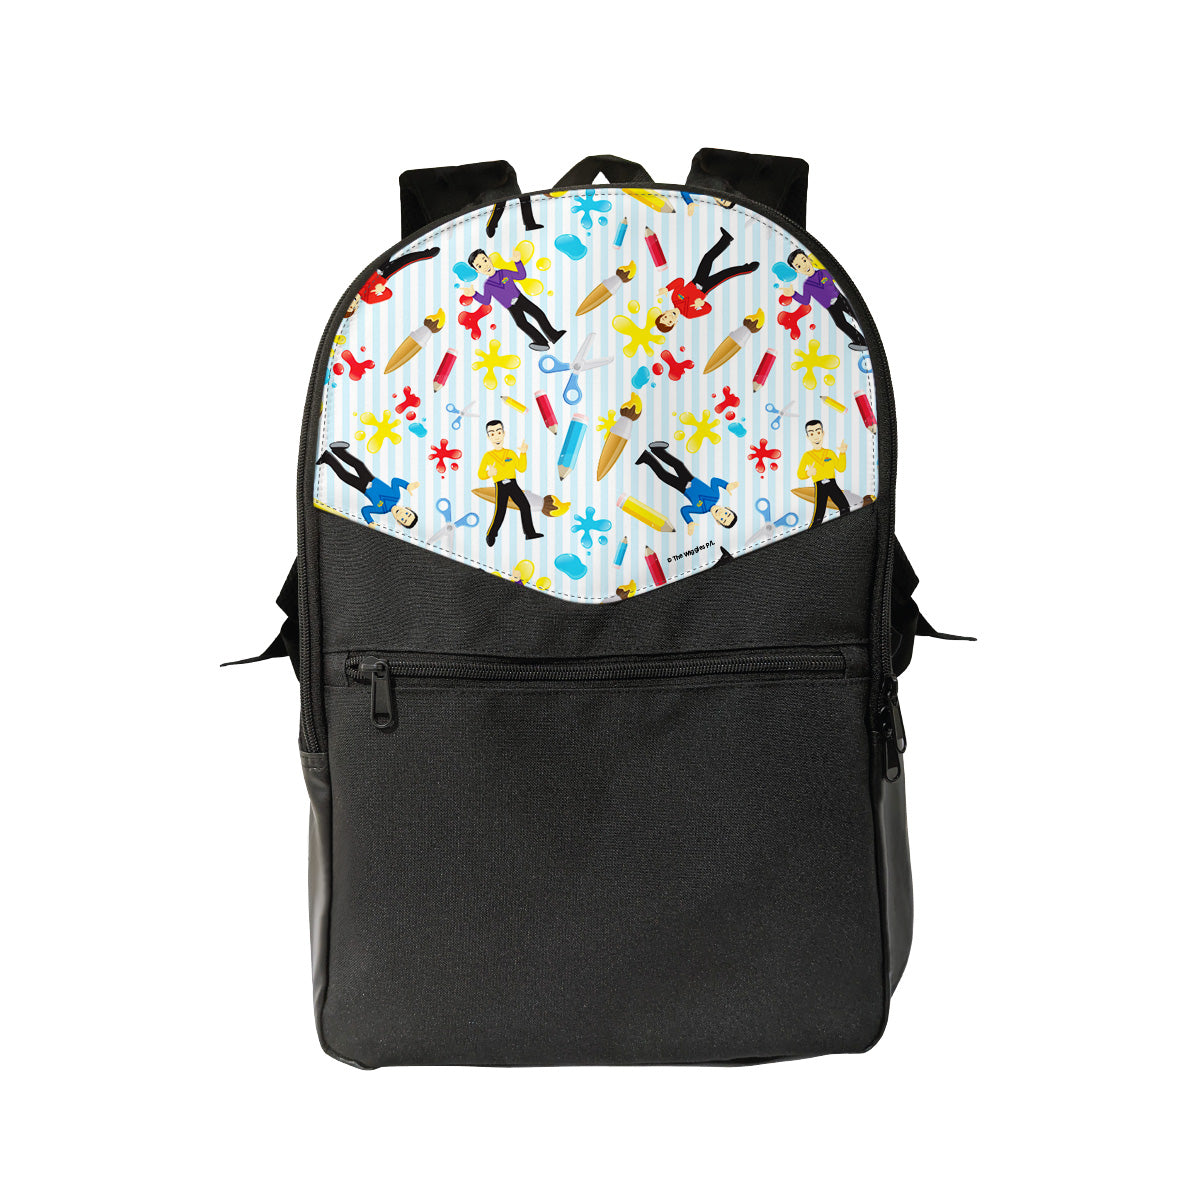 The Wiggles Original School Backpack
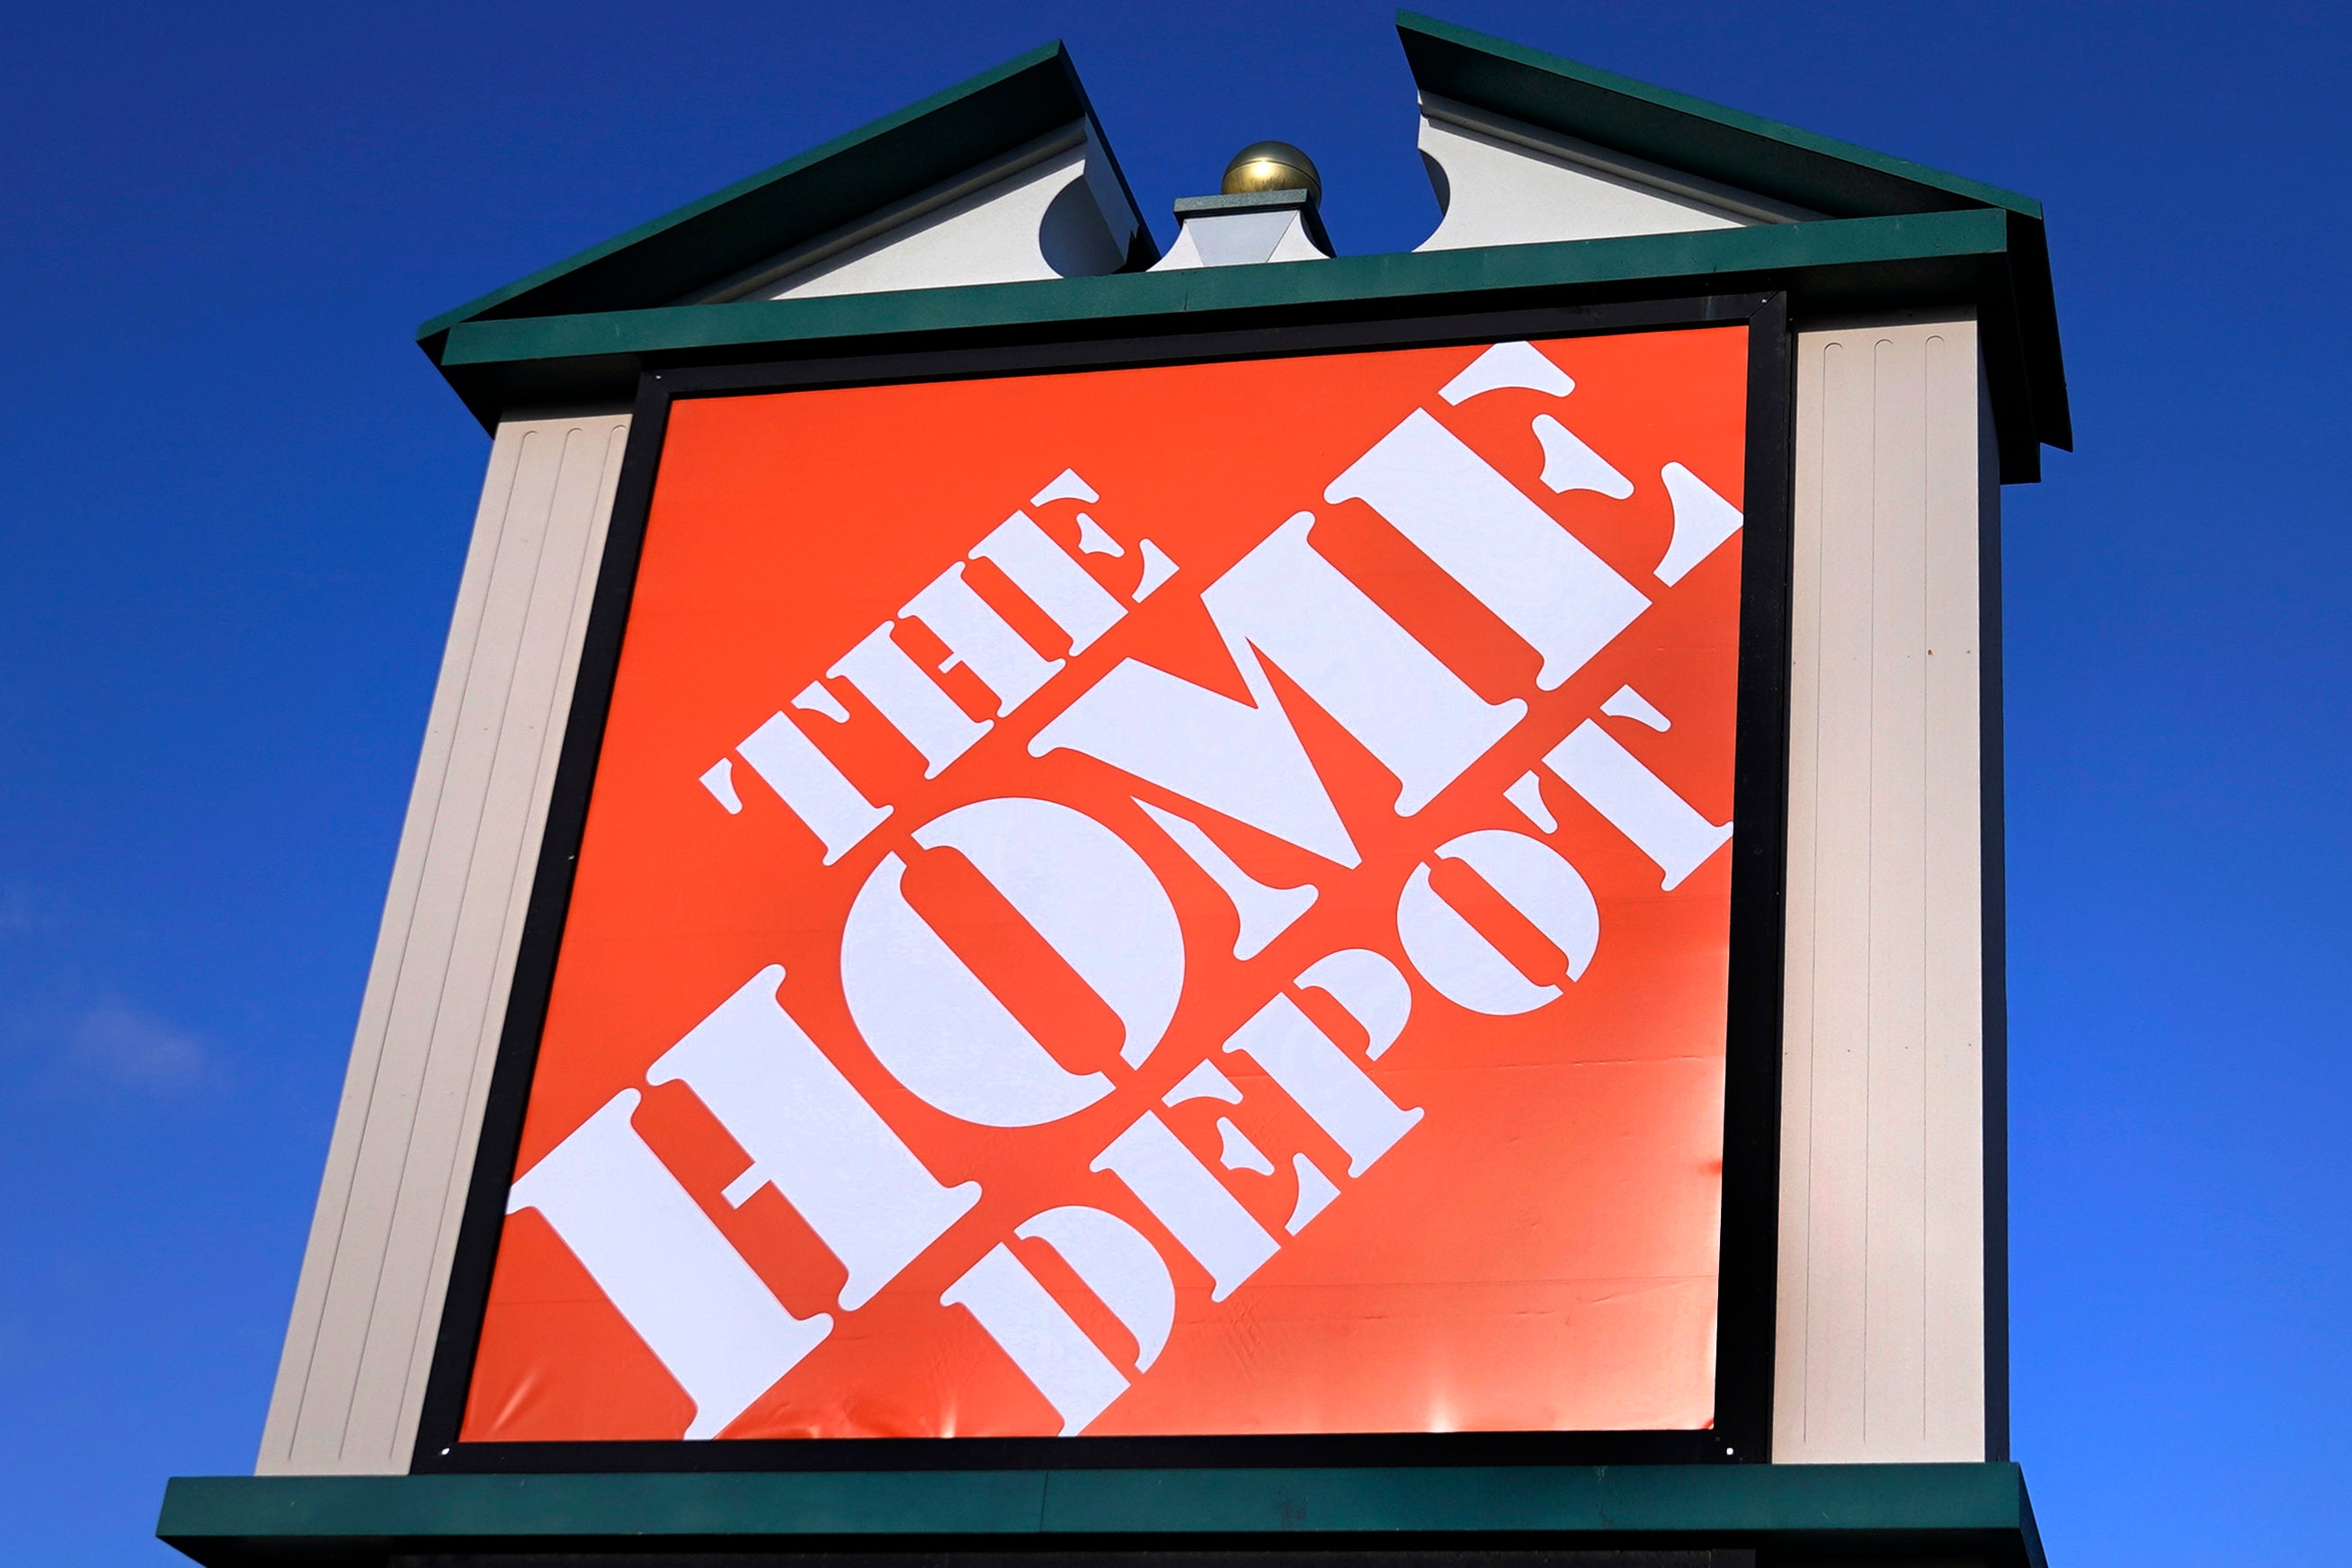 Home Depot agrees to 17.5m settlement in 2014 data breach Settlement
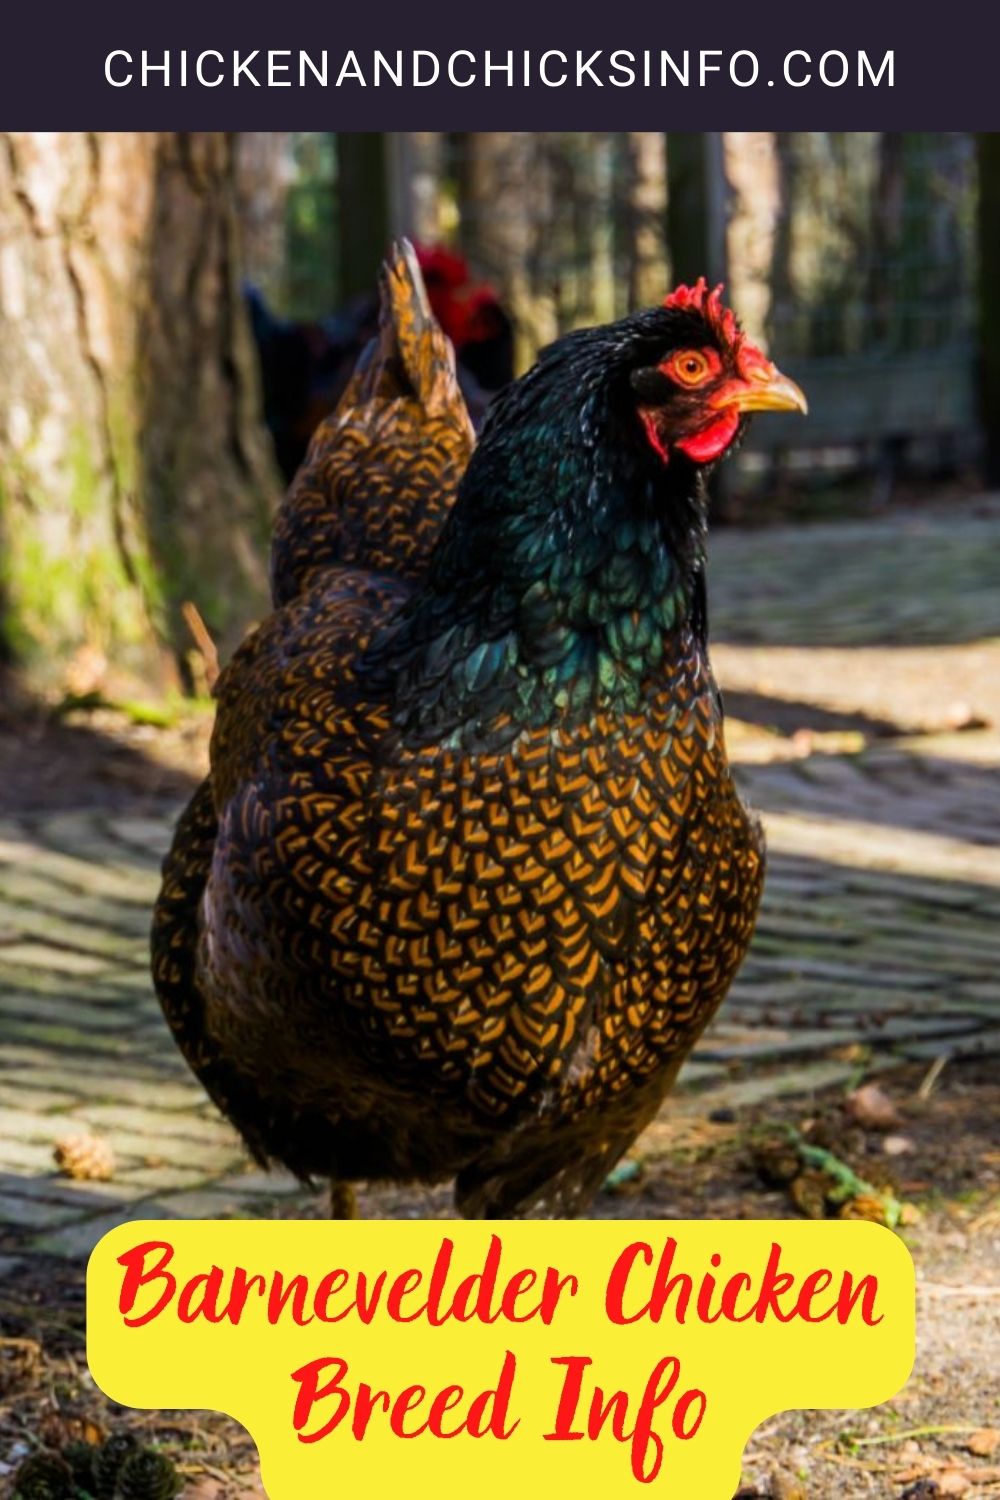 Barnevelder Chicken Breed Info pinterest image.

━━━━━━━━━━━━━━━━━━━━━━━━━━━━━━

▸ **Assignment**
Once the pictures are set aside, transcribe the remaining lines above exactly.

▸ **Your response**
 The Wiggles Original School Backpack
 Home Depot agrees to 17.5m settlement in 2014 data breach Settlement
 Barnevelder Chicken Breed Info pinterest image.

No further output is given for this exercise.